After A Week Briefing The Press In His Favour, The Ibrox Board Finally Axes Its Manager.

Soccer Football - Champions League - Group A - Rangers v Ajax Amsterdam - Ibrox Stadium, Glasgow, Scotland, Britain - November 1, 2022 Rangers manager Giovanni van Bronckhorst Action Images via Reuters/Lee Smith

So much for loyalty, right? So much for standing by their man. Just days ago, the Ibrox club allowed a Sky special which we jokingly called Gio: The Movie to go ahead, lauding him and looking back on his first year as boss.

That was accompanied by their directors telling a reporter from the BBC that they were unanimous about keeping him around.

I guess it only takes one ringing endorsement from Souness to change everything, eah?

To be honest, it always looked untenable.

They were facing going into the AGM having to defend having him in the building.

They had started to prepare the groundwork for that – this much is obvious considering some of what was being put into the public domain about injuries making a difference and how they wanted to give him a chance with a full strength team – but it was hard to see how it was tenable since he’d lost the dressing room.

Maybe, ultimately, that was what finally decided the board.

The certainty that the players were not going to do it for him. He had lost control of them, as evidenced by Morelos’ gleeful, almost mocking, holiday snaps. It’s the one relationship time won’t fix.

Their club now faces the nightmare scenario of having to attract a new manager and fund him properly for next season.

Mark my words, having bitten the bullet and gotten rid not only of Van Bronckhorst but the whole backroom team they have just pissed away any financial jackpot that this year’s Champions League qualification earned them.

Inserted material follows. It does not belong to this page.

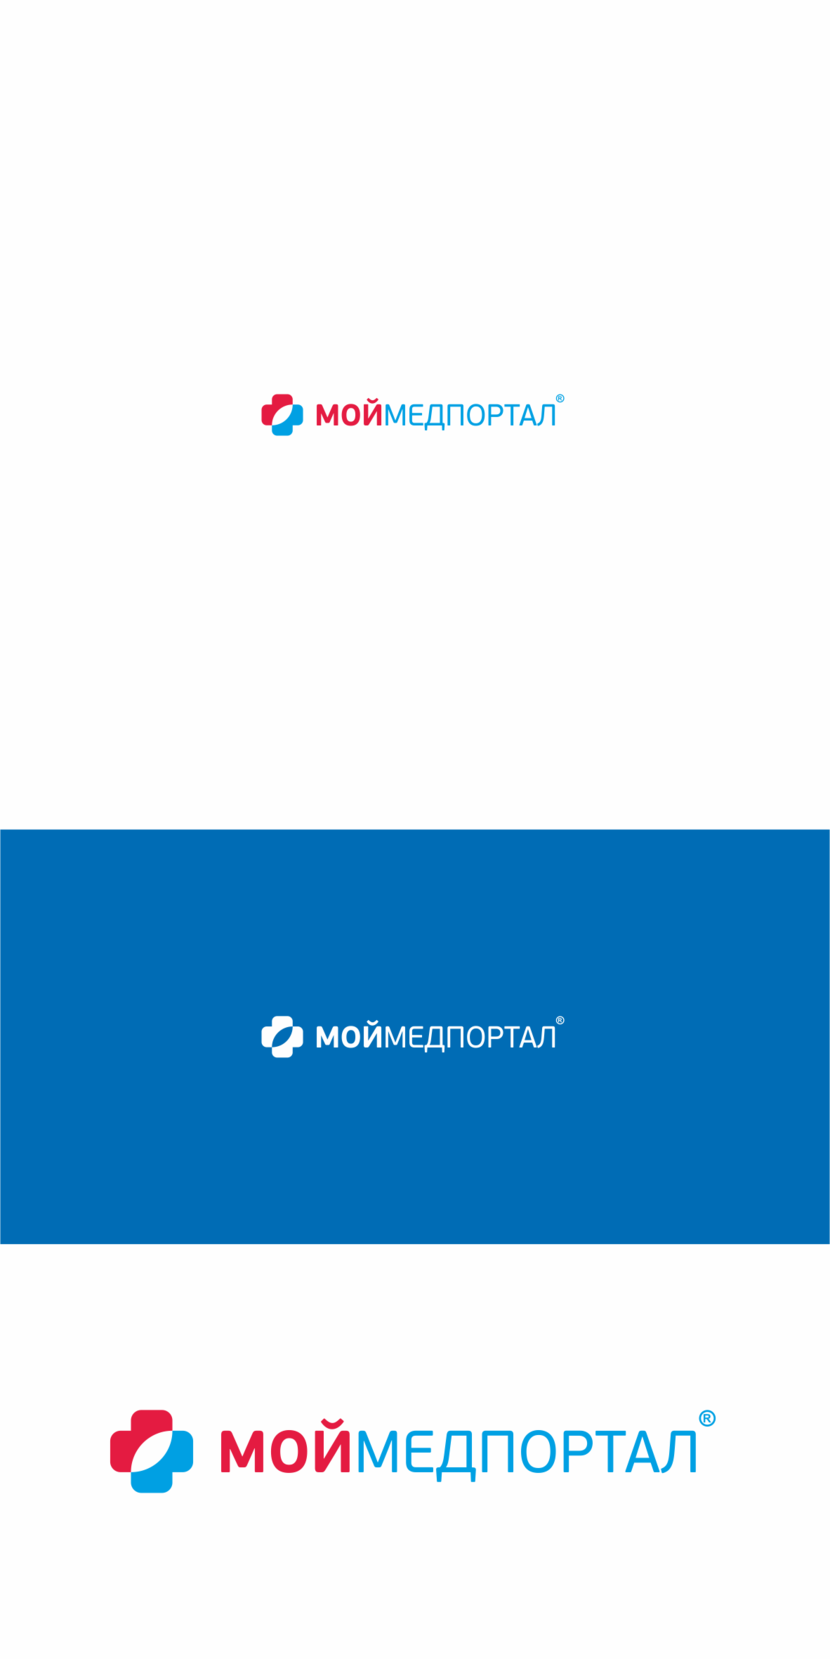 + - Разработка логотипа для медицинского портала онлайн записи в больницу
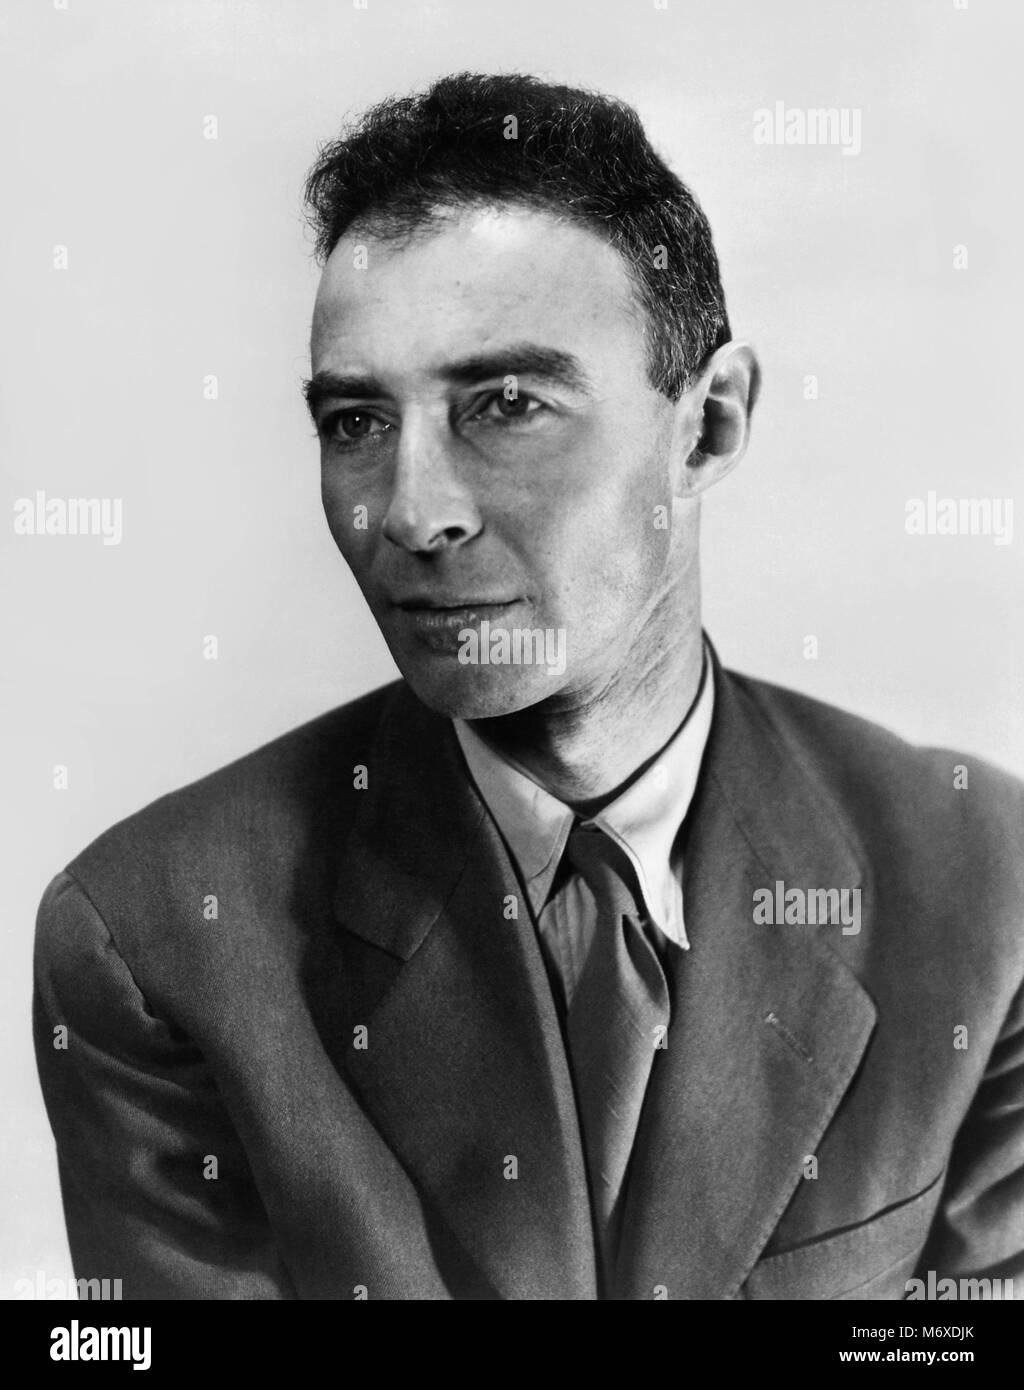 J. Robert Oppenheimer (1904-1967) était un physicien et un participant au projet Manhattan de développement de la bombe atomique pendant la Deuxième Guerre mondiale comme chef de guerre du laboratoire de Los Alamos au Nouveau Mexique. Banque D'Images

They are, in effect, back to square one.

Which is a far cry from where they imagined themselves when this season kicked off. They were gearing up to conquer Europe at that point, and imagining Ange as a one season wonder.

Obviously, this is a huge story and one that has a lot of juice left in it, but what we can say right now is that Ibrox had one option here that might have given them a road through; to accept that this season is a write-off, to give Van Bronckhorst some additional time and to get the decision absolutely spot on. They’ve now cast that advantage away.

In choosing to go now they’ve narrowed their range of options – it won’t be someone currently in a job, for example, unless someone really cheap – or something well planned out and thought through.

The very fact that games kick off again in little over three weeks means they’ve set themselves a ticking clock … which multiplies the possibility of making a mistake.